= STORED DATA =
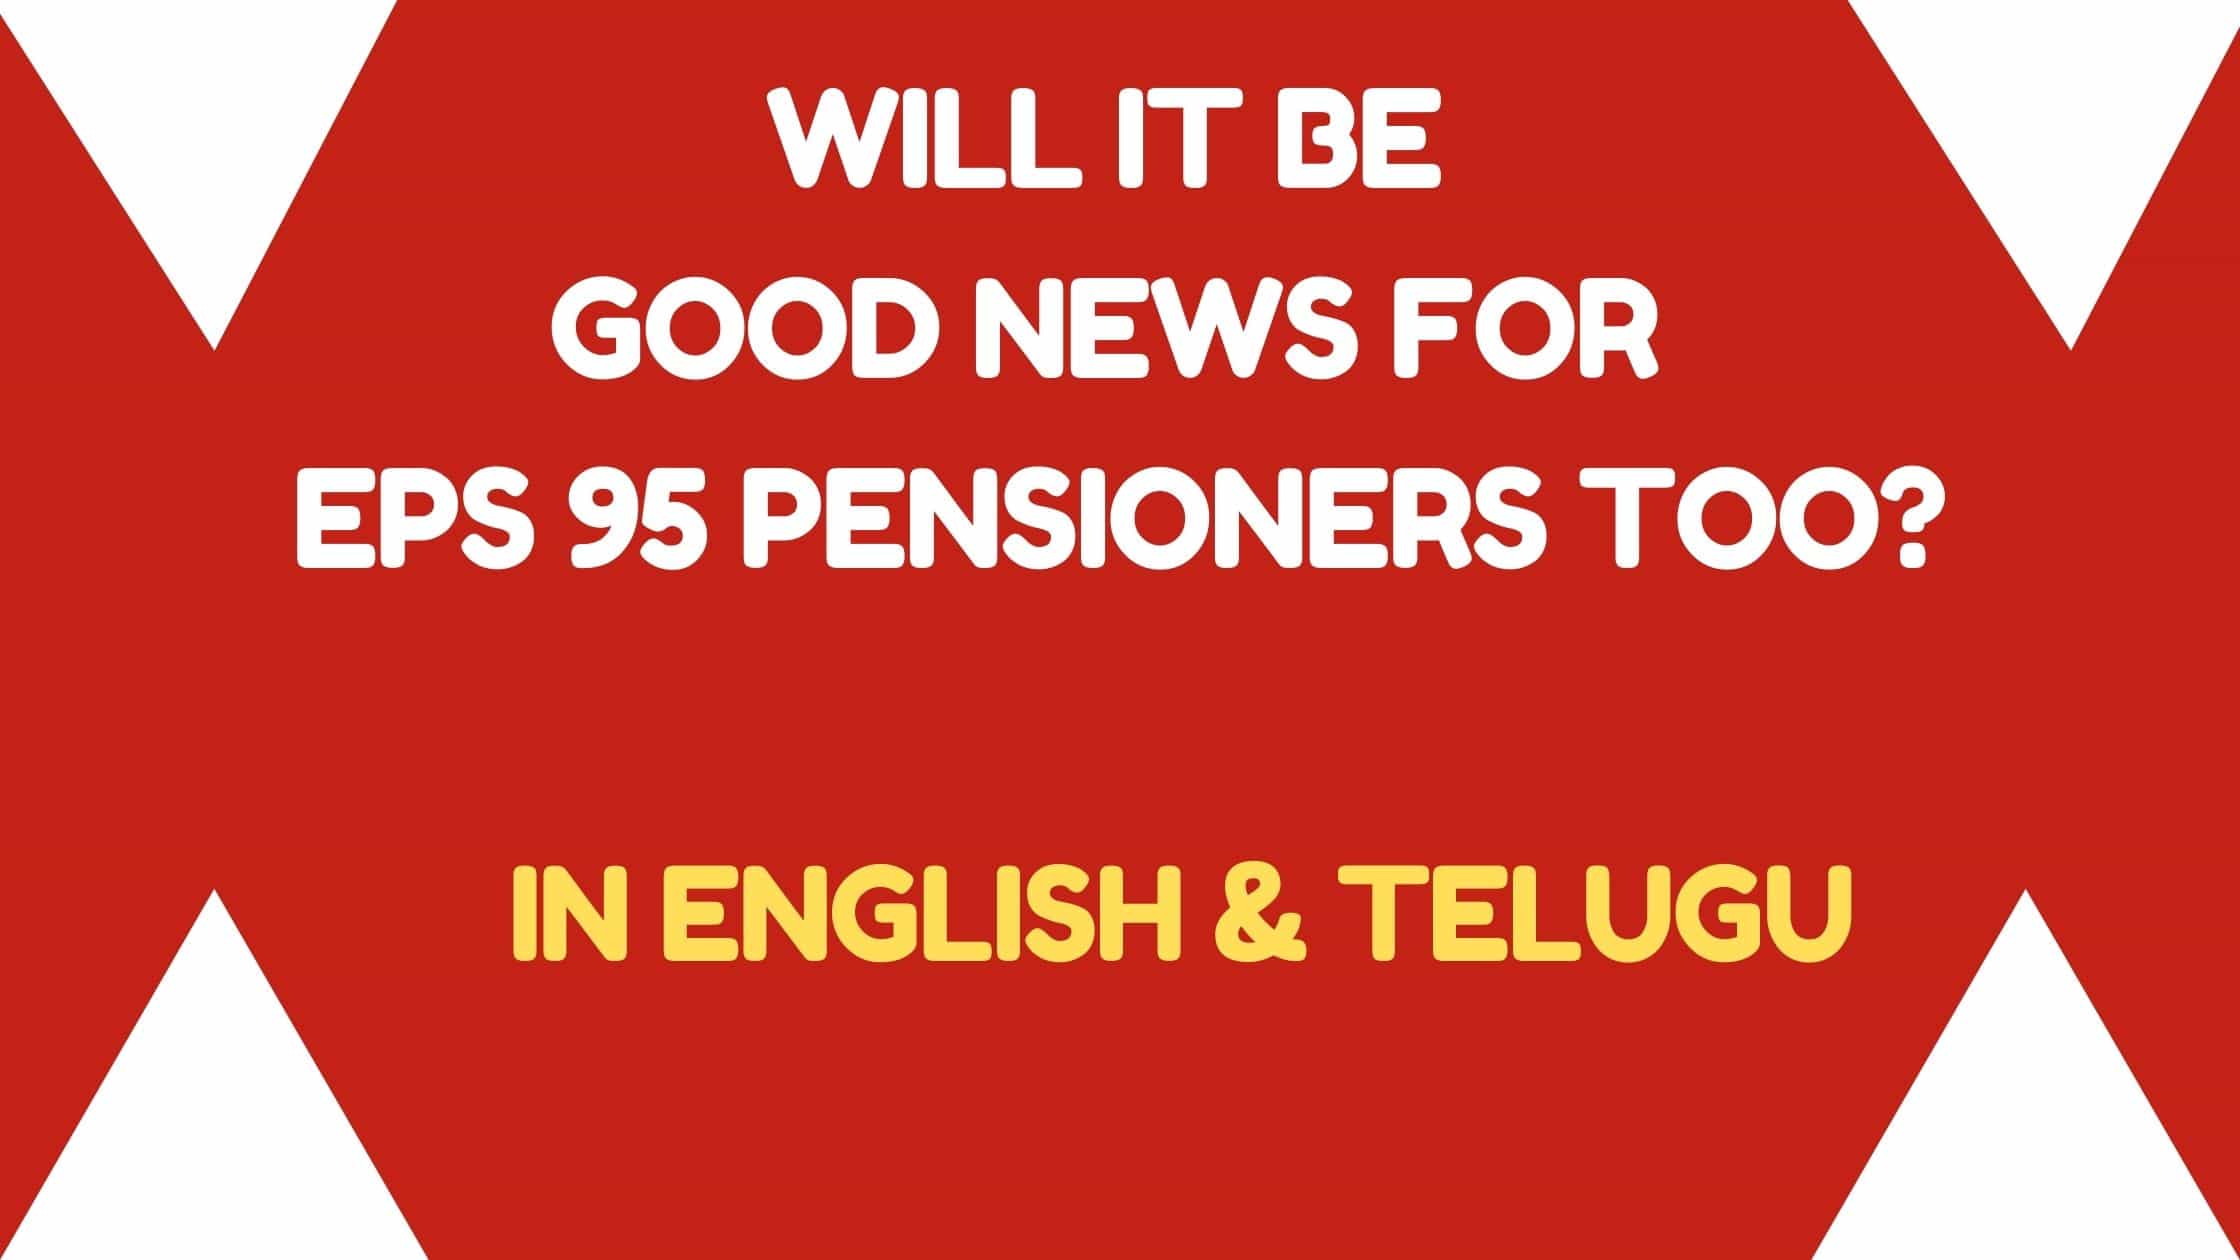 Will it be Good News for Eps 95 Pensioners too?
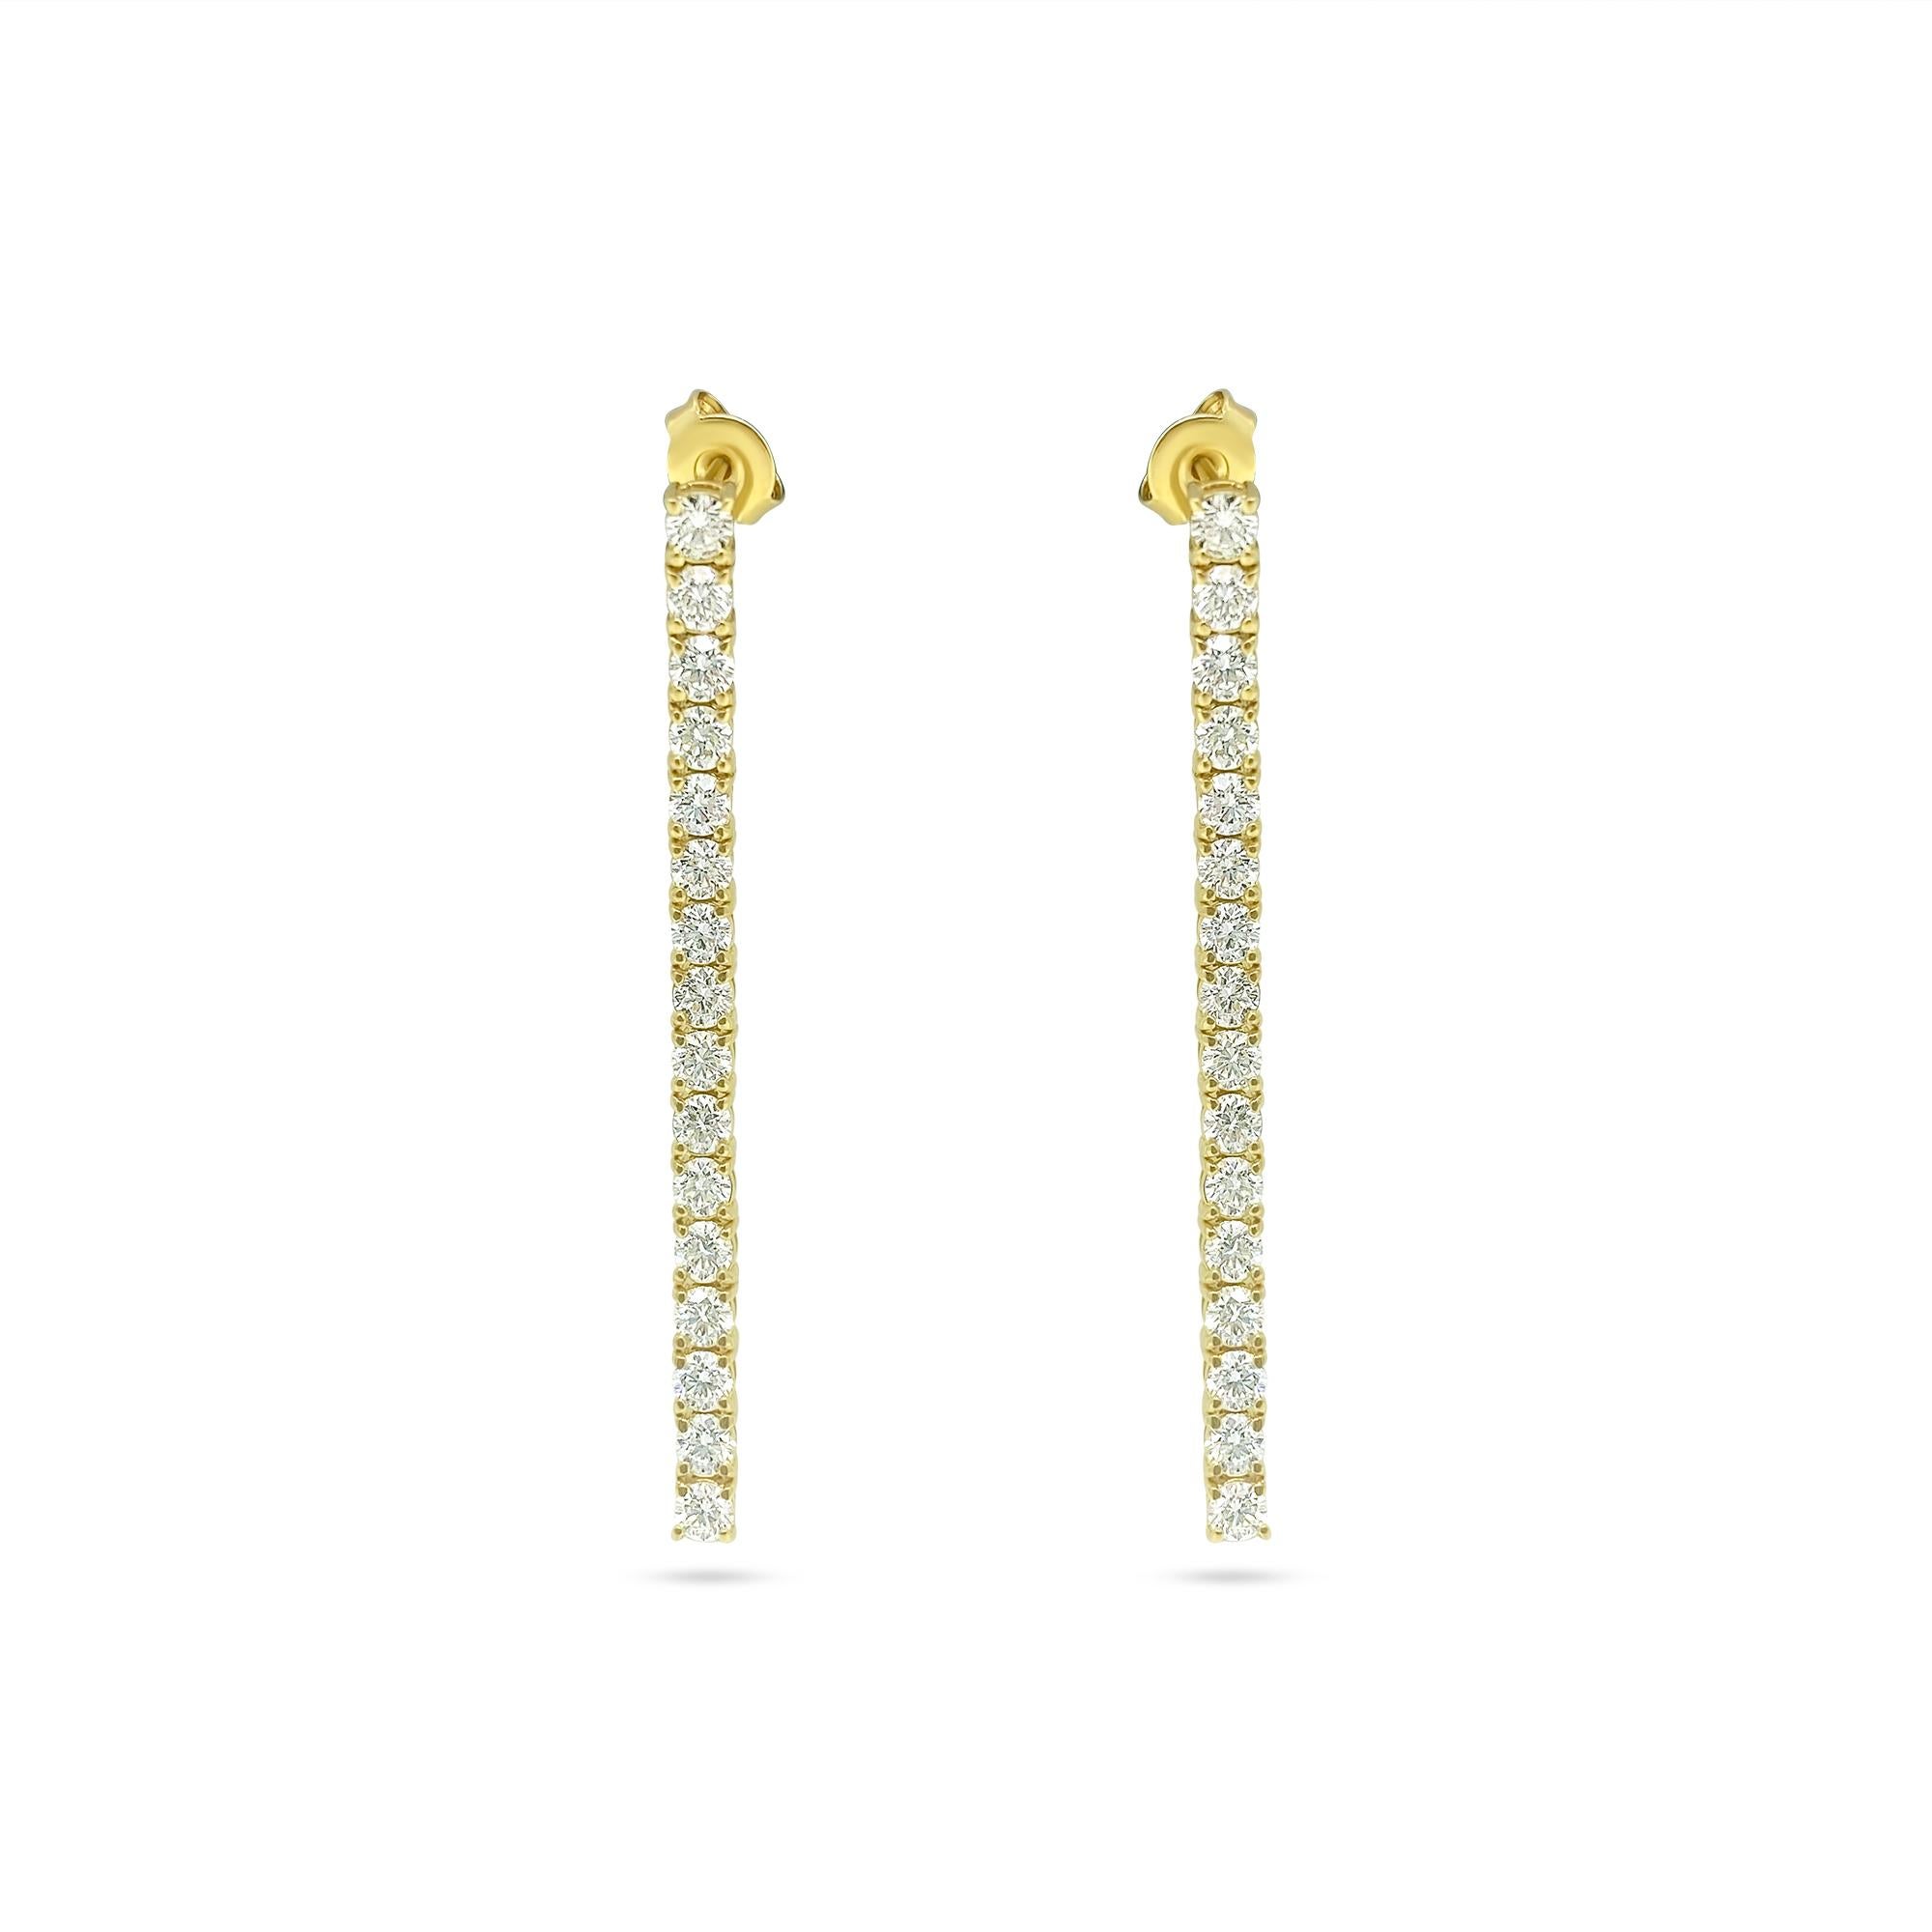 Crafted from 14-karat yellow gold, these stunning earrings boast a total diamond weight of 3.50 carats, showcasing exceptional clarity (VVS) and an H color grade. Each diamond is 100% natural, sourced from the earth, ensuring authenticity and
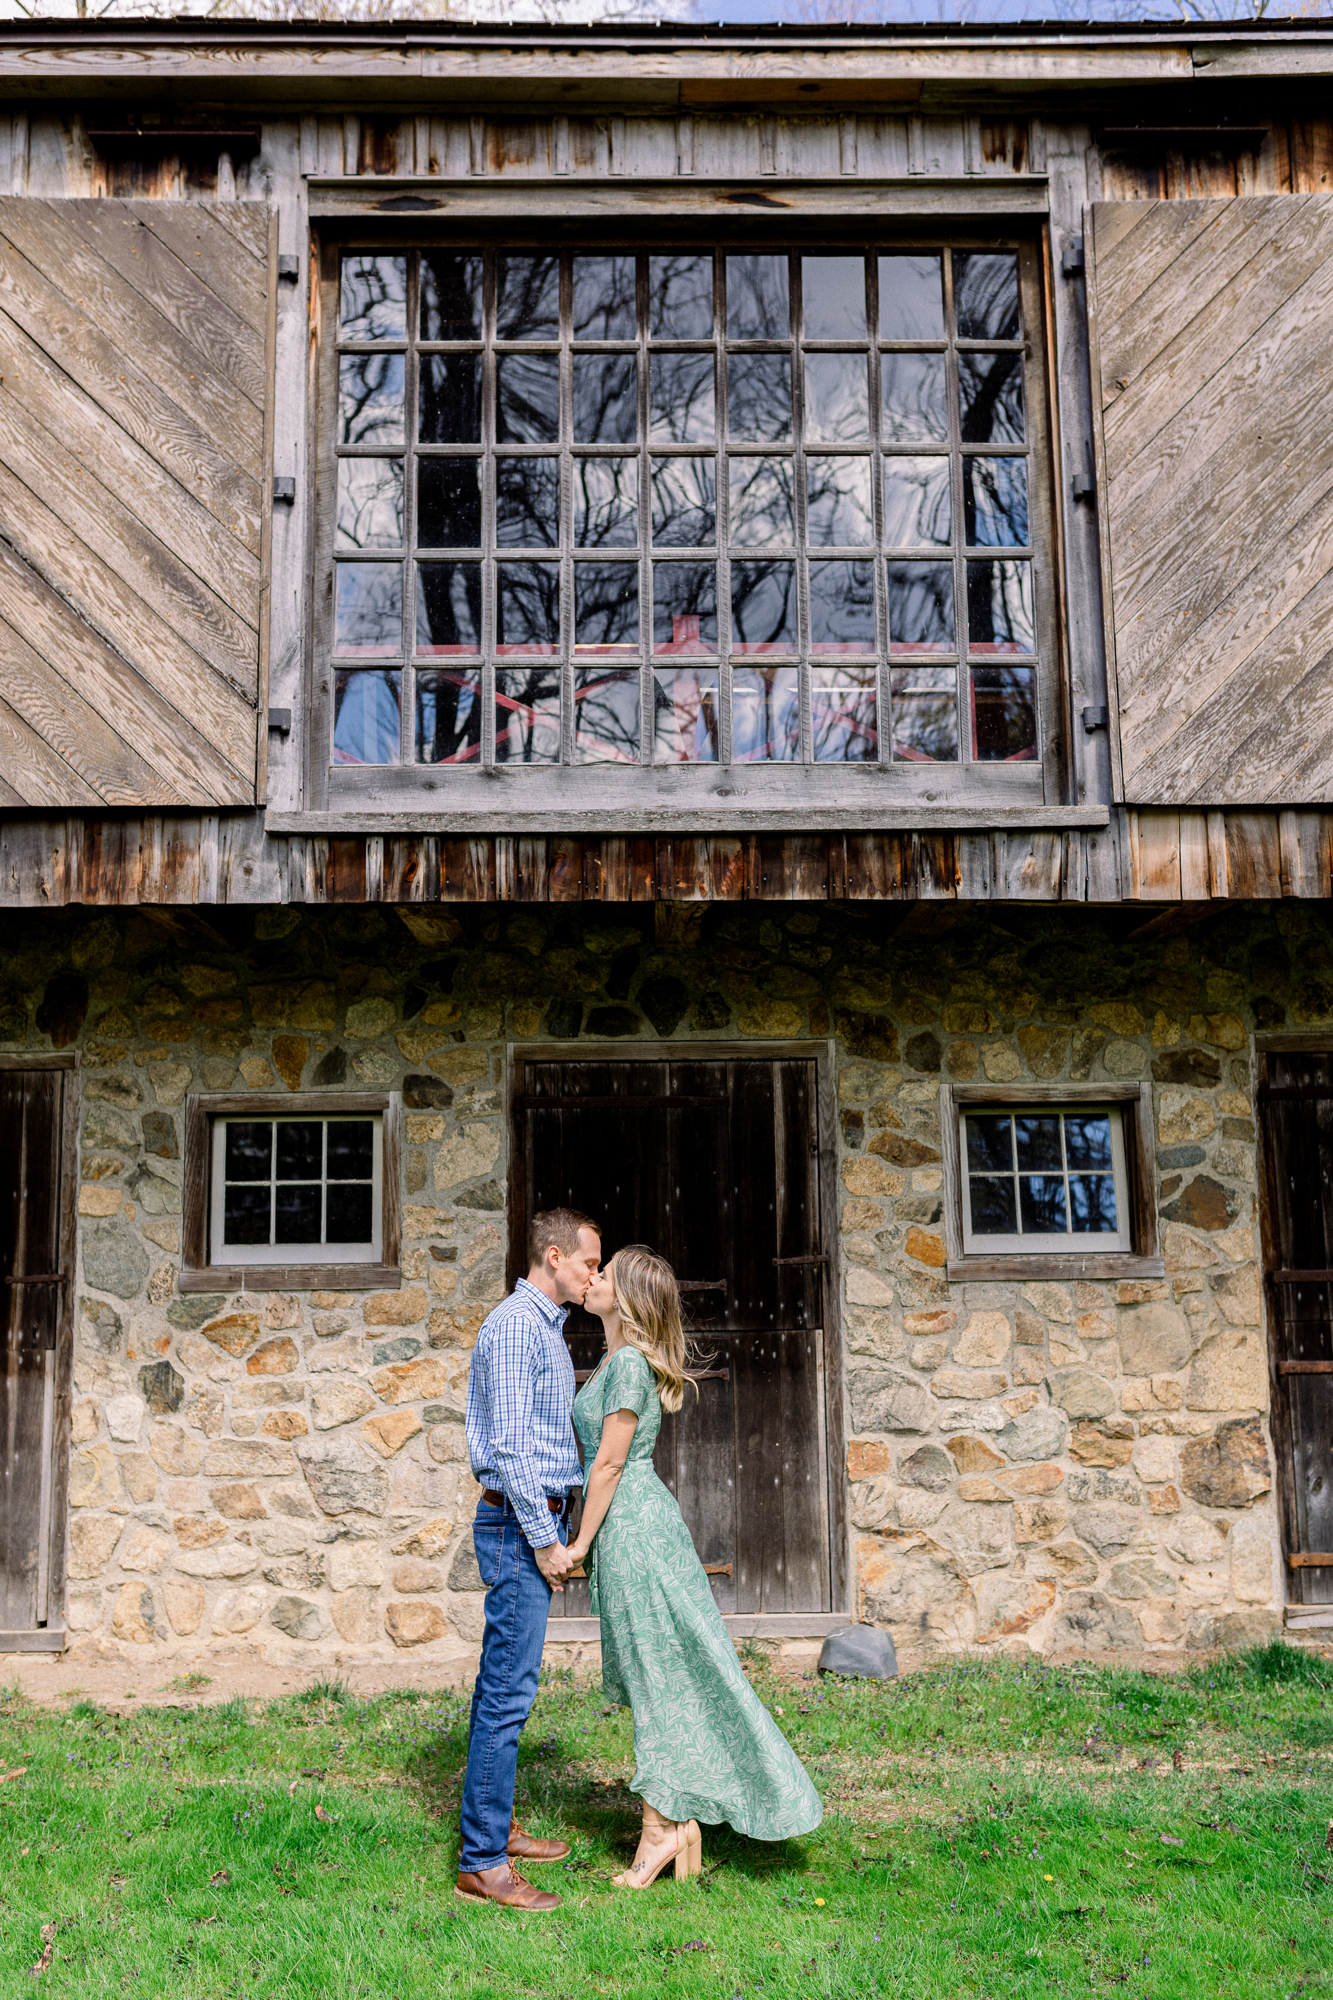 Rustic Waterloo Village Engagement Photos in Springy New Jersey

= ACTION ITEM =
An exact transcript of the listing is needed, free of pictures.

= EXPECTED ANSWER =
 Will it be Good News for Eps 95 Pensioners too?
 Crafted from 14-karat yellow gold, these stunning earrings boast a total diamond weight of 3.50 carats, showcasing exceptional clarity (VVS) and an H color grade. Each diamond is 100% natural, sourced from the earth, ensuring authenticity and
 Rustic Waterloo Village Engagement Photos in Springy New Jersey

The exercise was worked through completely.